--- Supplied material Enclosed Below ---

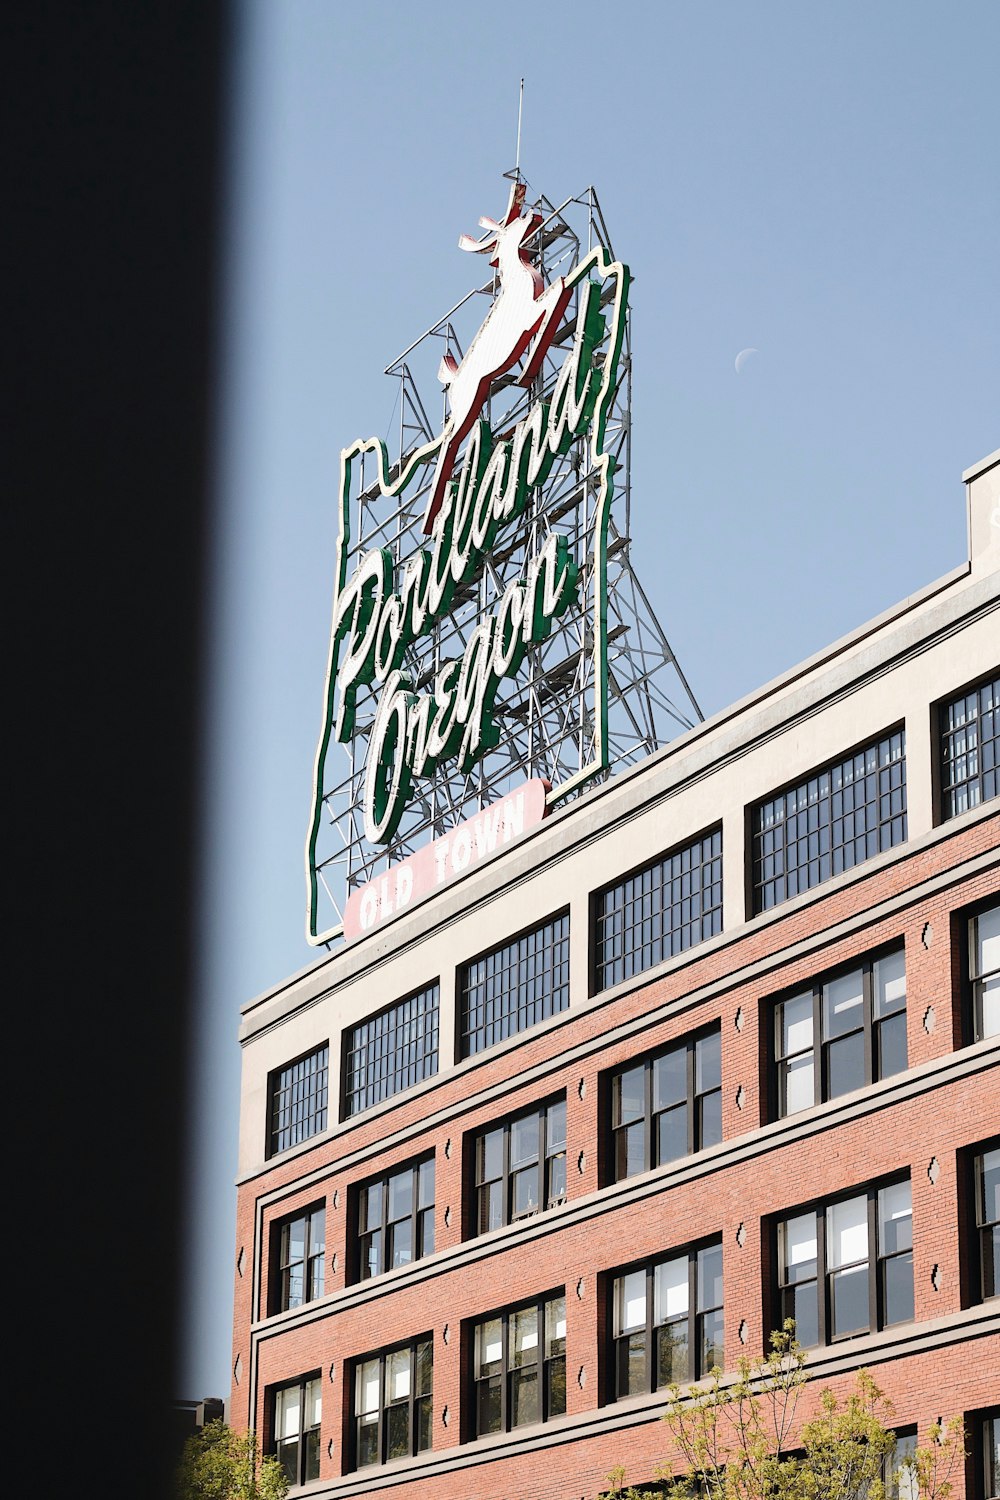 Portland Oregon metal banner on building
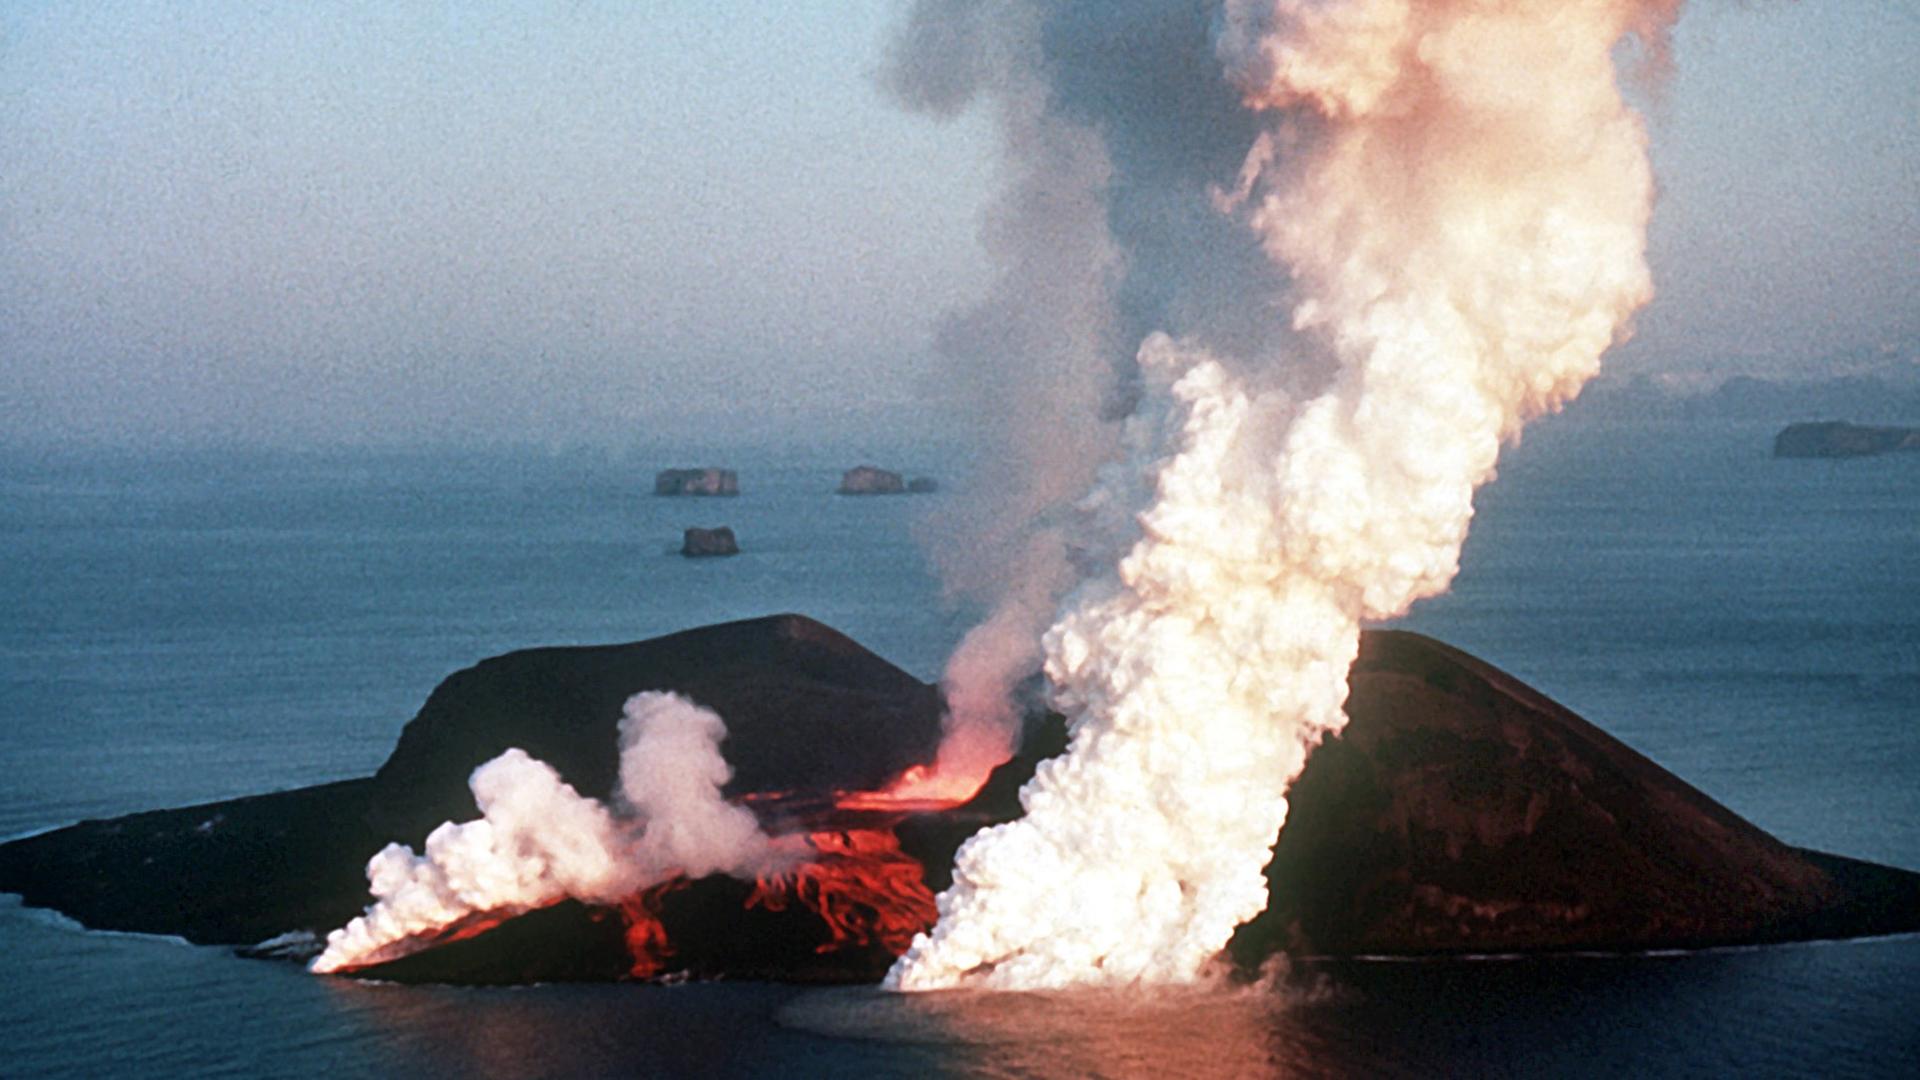 Dampfwolken steigen von der Vulkaninsel Surtsey in die Luft. Die Insel entstand 1963 durch einen Vulkanausbruch unter Wasser und liegt rund 20 Kilometer entfernt von Heimaey, der Hauptinsel der isländischen Westmännerinseln | picture alliance / dpa / Polfoto
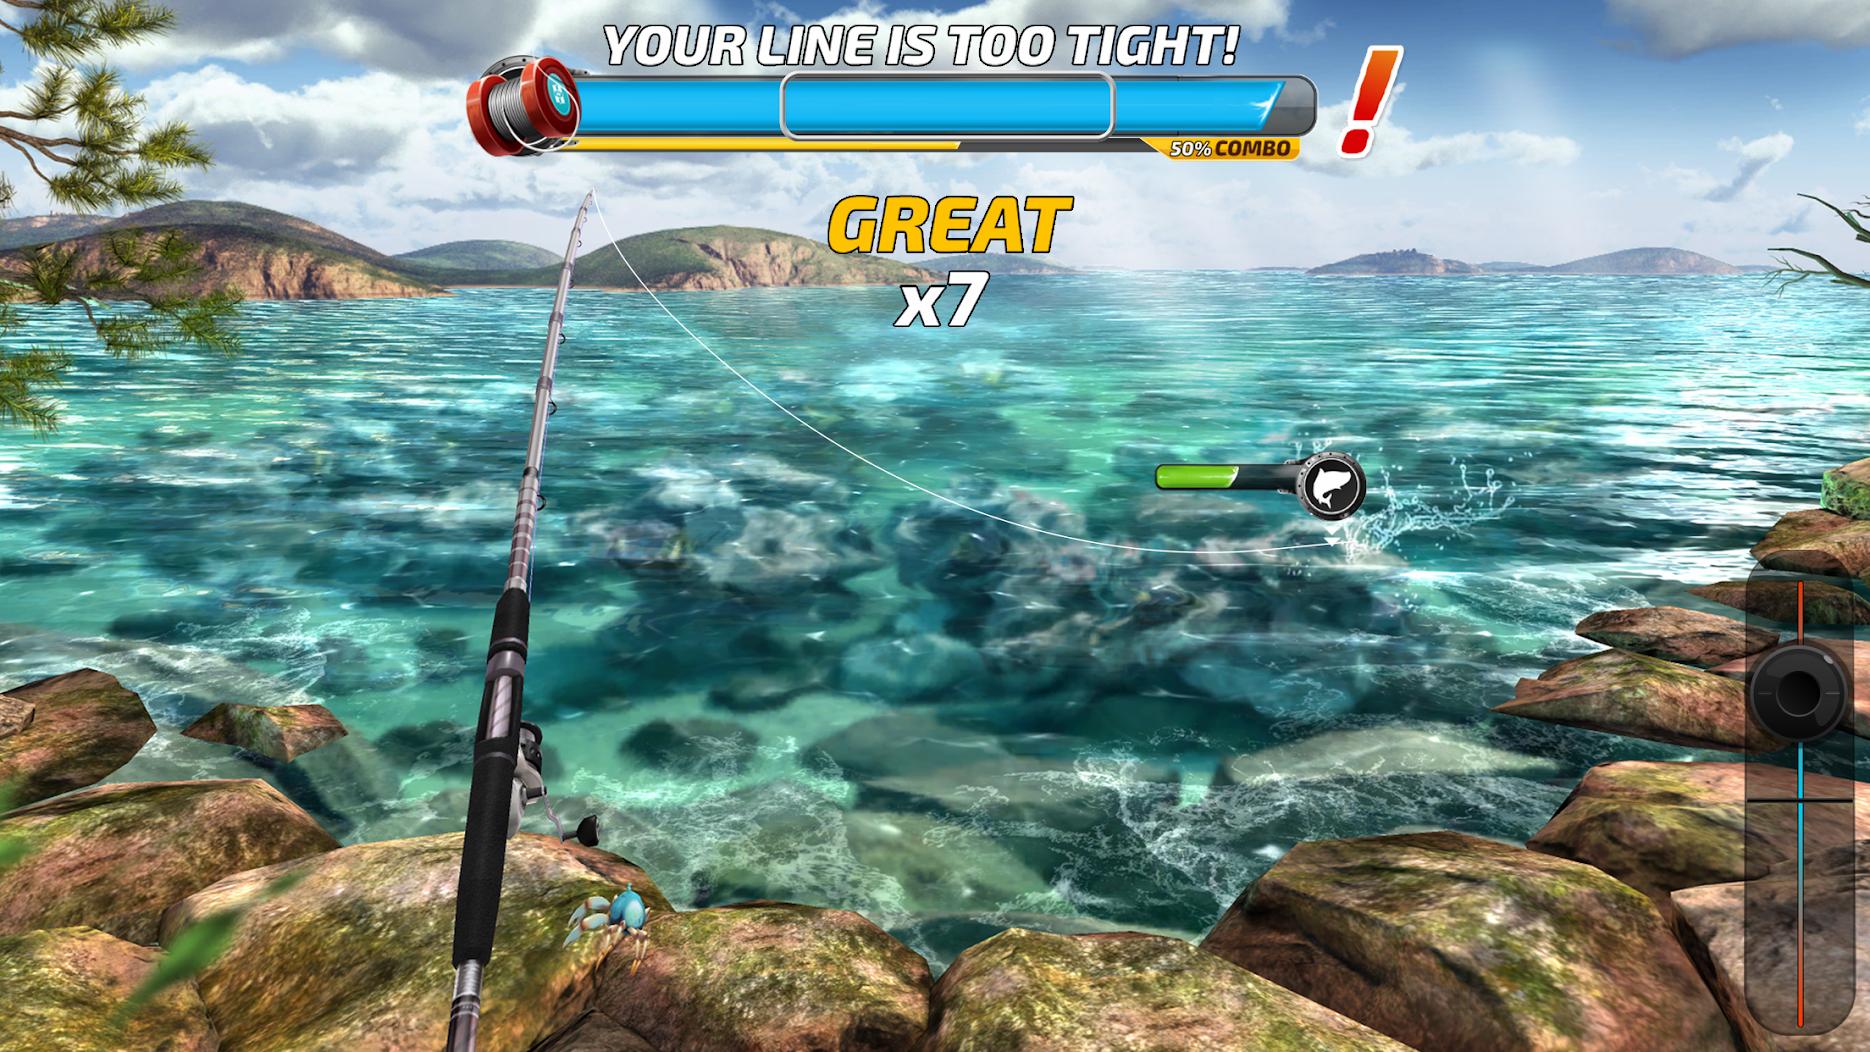 Мод на авторыбалку. Игра рыбалка. Симулятор рыбалки. Игра Fishing Clash. Игры про рыбалку на андроид.
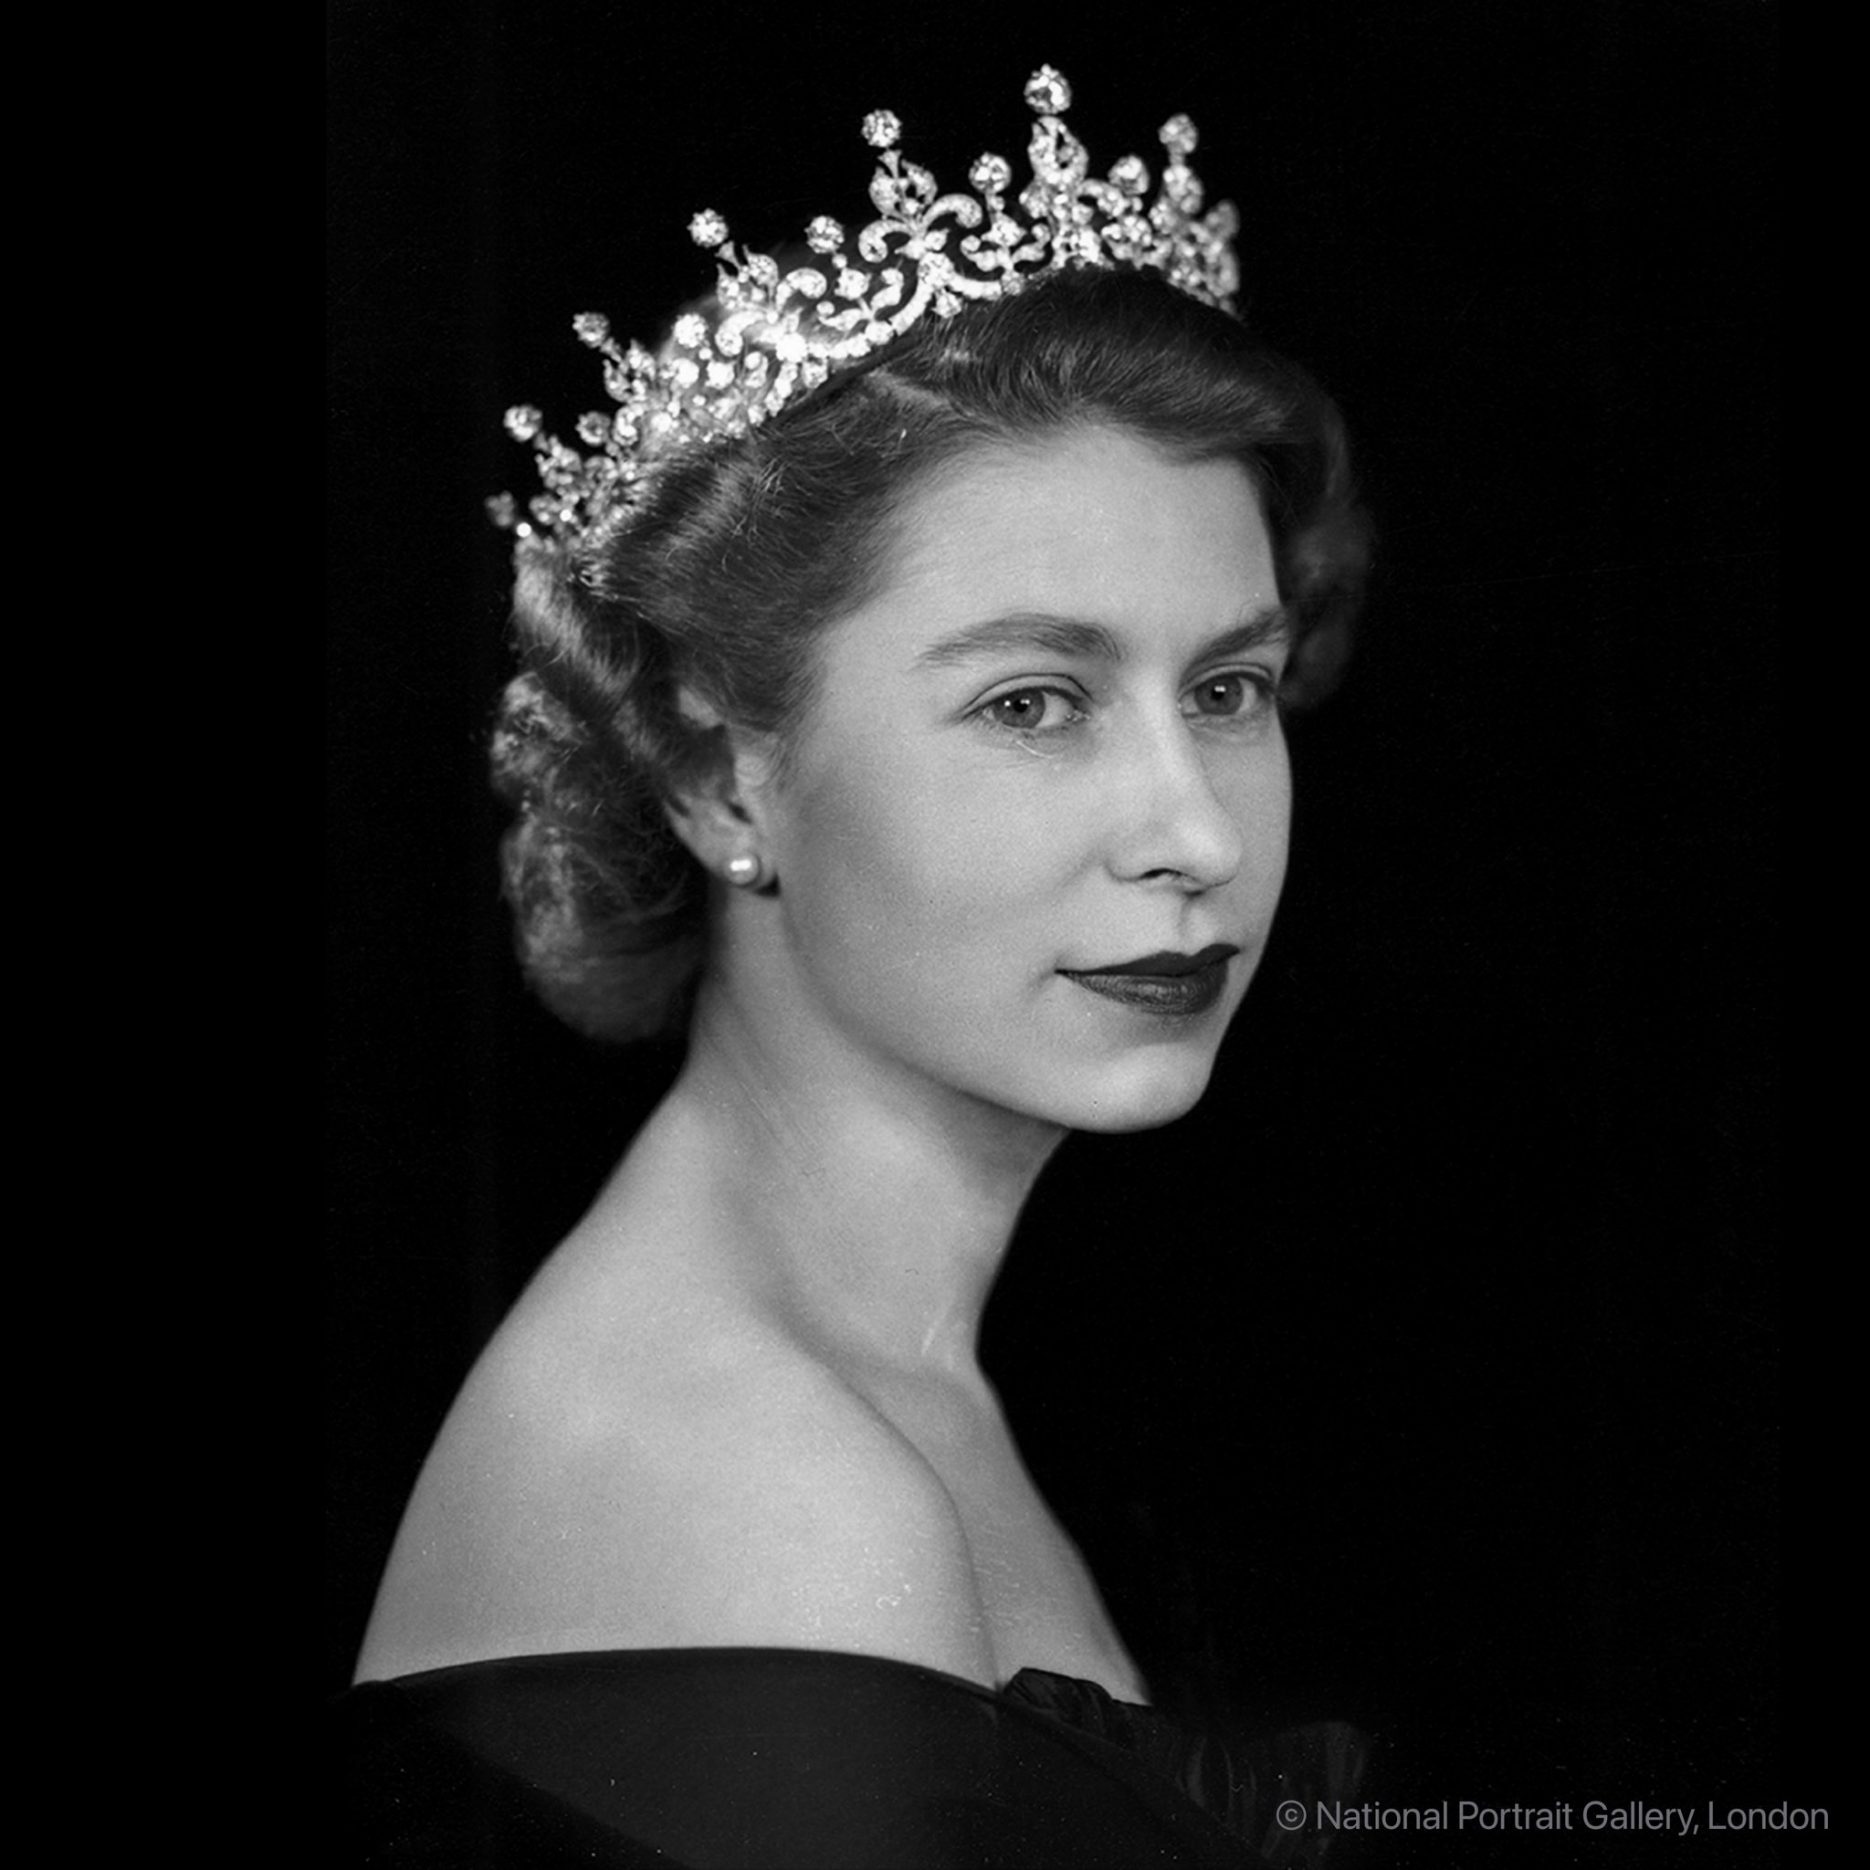 Her Majesty Queen Elizabeth II Passes

--- End of Enclosed Supplied material ---

> Task brief:
Your copy should match the data above exactly, apart from the pictures.

> Solution to this task:
 Portland Oregon metal banner on building
 Dampfwolken steigen von der Vulkaninsel Surtsey in die Luft. Die Insel entstand 1963 durch einen Vulkanausbruch unter Wasser und liegt rund 20 Kilometer entfernt von Heimaey, der Hauptinsel der isländischen Westmännerinseln | picture alliance / dpa / Polfoto
 Мод на авторыбалку. Игра рыбалка. Симулятор рыбалки. Игра Fishing Clash. Игры про рыбалку на андроид.
 Her Majesty Queen Elizabeth II Passes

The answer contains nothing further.